Светлый фон

Эти элементы балагурства, скоморошничанья, присущие и Лопахину, и Копытовскому, и безвестному подносчику боеприпасов, безусловно, не отрицают высокопатетическое звучание трагических эпизодов романа, но расширяют его жанровую природу, придают объемность видению и постижению мира, по-своему оттеняют правдивость воссозданного шолоховским пером состояния народной души в годы войны.

– «Все поле впереди и сзади окопов было, словно язвами, покрыто желтыми, круглыми, различной величины воронками, окаймленными спекшейся землей. Косые просеки, проделанные в саду бомбами и загроможденные поваленными расщепленными деревьями, обнажали ранее сокрытые ветвями стены и крыши хуторских домов, и все вокруг выглядело теперь необычно: ново, дико и незнакомо. Неподалеку от окопа Звягинцева зияла крупная воронка, у самого бруствера лежало до половины засыпанное землей, погнутое и отсвечивавшее рваными металлическими краями хвостовое оперение небольшой бомбы. Но почти всюду над стрелковыми ячейками уже курился сладкий махорочный дымок, слышались голоса бойцов, а из пулеметного гнезда, оборудованного в старой, полуразрушенной силосной яме, доносился чей-то подрагивавший веселый голос, прерываемый взрывами такого дружного, но приглушенного хохота, что Лопахин, проходя мимо, улыбнулся, подумал: «Вот чертов народ, какой неистребимый! Бомбили так, что за малым вверх ногами их не ставили, а утихло, – они и ржут, как стоялые жеребцы…» [7, 109-110]
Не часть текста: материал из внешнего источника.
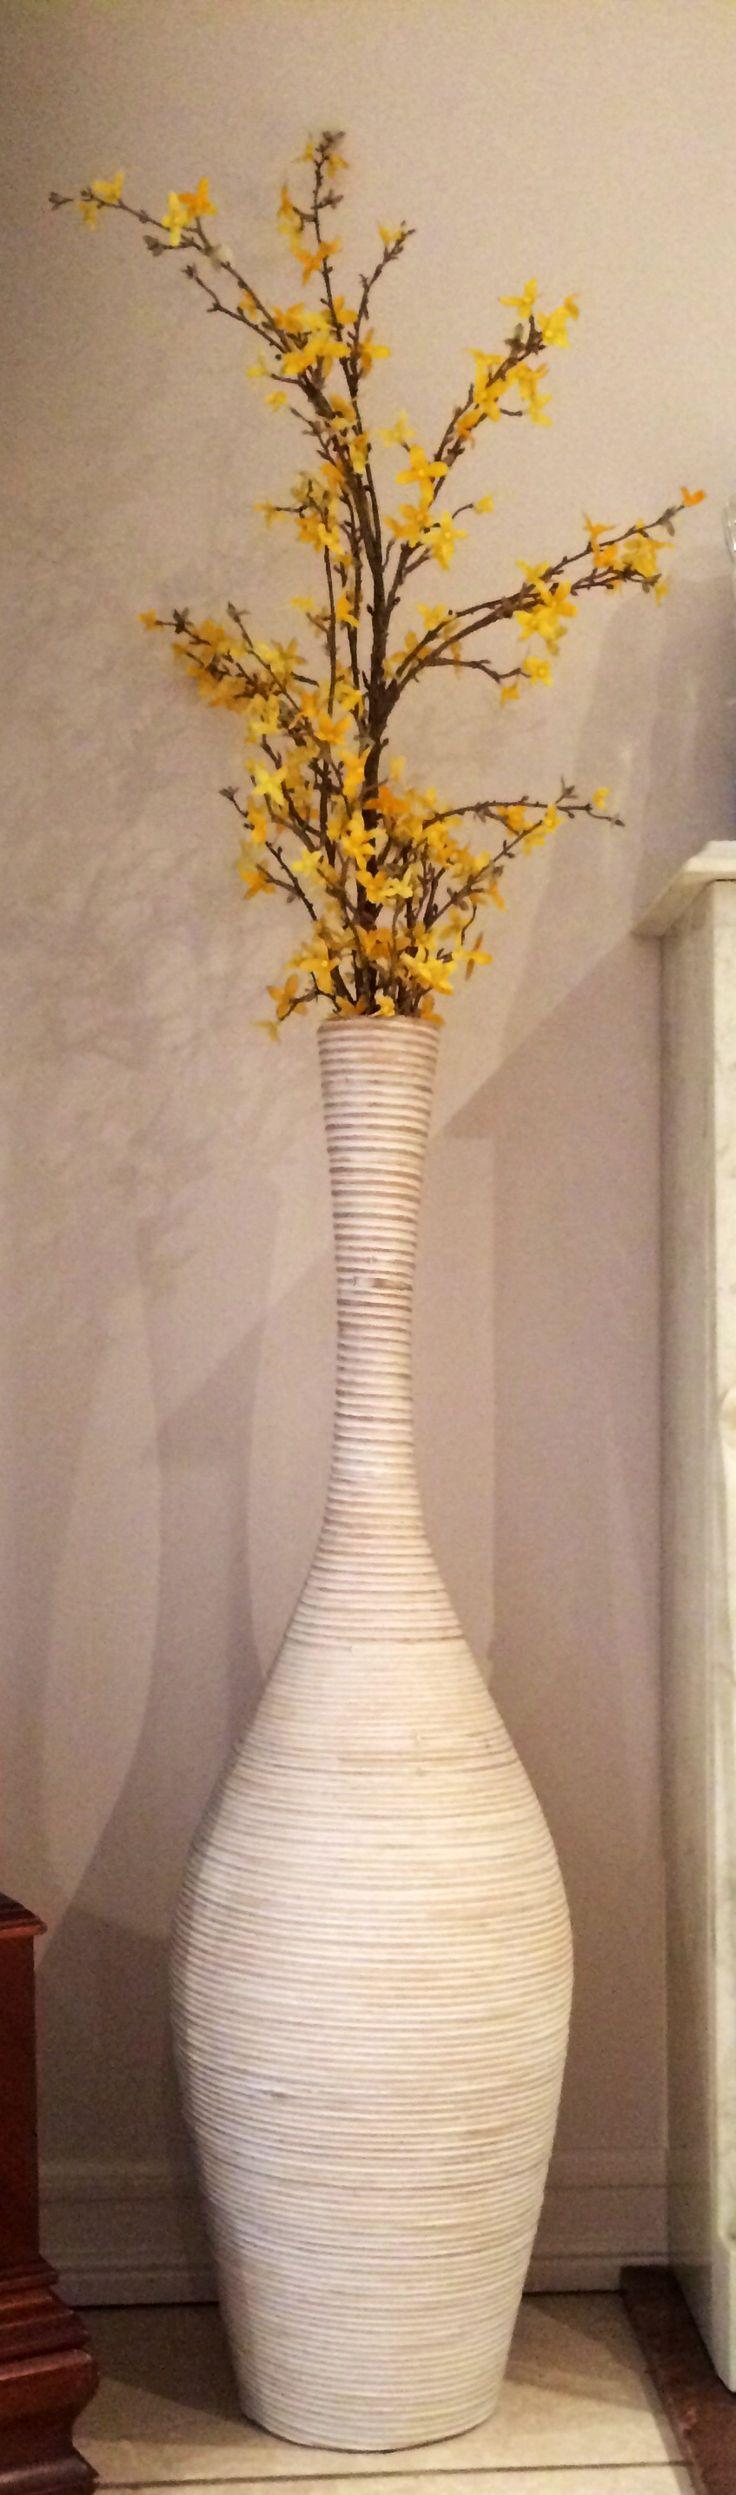 The 25 Best Floor Vases Ideas On Pinterest Decorating

Мы взяли данную сцену из романа, так как в ней отчетливо видны принципиальные черты смехового мира Шолохова, Этот мир, после боя, действительно становится «диким, кромешным, адовым», противоположным прежнему миру («все вокруг выглядело теперь необычно: ново, дико и незнакомо»), сами действующие герои тоже как бы поменяли свой знак на иной («чертов народ»), но его обживание, превращение в нормальный, по возможности, мир начинается со смеха, с «ржания». Норма возвращается миру через смех, через пародирование страшного, невыносимо тяжелого. Ведь над чем смеются бойцы? – «Знакомый голос сержанта Никифорова, высокий, плачущий от смеха, закончил:

– … Гляжу, а он раком стоит, головой мотает и спрашивает у меня: «Федя, меня не убило?..» А глаза у него, ну прямо по кулаку, на лоб вылезли, и пареной репой от него пахнет… Он со страху-то, видно, того…» [7, 110]

В этом пародировании пережитого ужаса через смех сохраняет себя истинно человеческое начало, хотя оно выступает и должно, очевидно, во многом выступать в облике вульгарного, грубого. Грань, переходимая ежеминутно, – между жизнью и смертью, бытием и уничтожением, распахивает возможности перед смехом, одновременно снимая с него запреты прежнего юмора. Скажем, в первых, предвоенных главах романа смех (эпизод разговора Александра Стрельцова с Серафимой Петровной, к примеру) носит мягкий, иронический характер, он не обидчив для говорящих.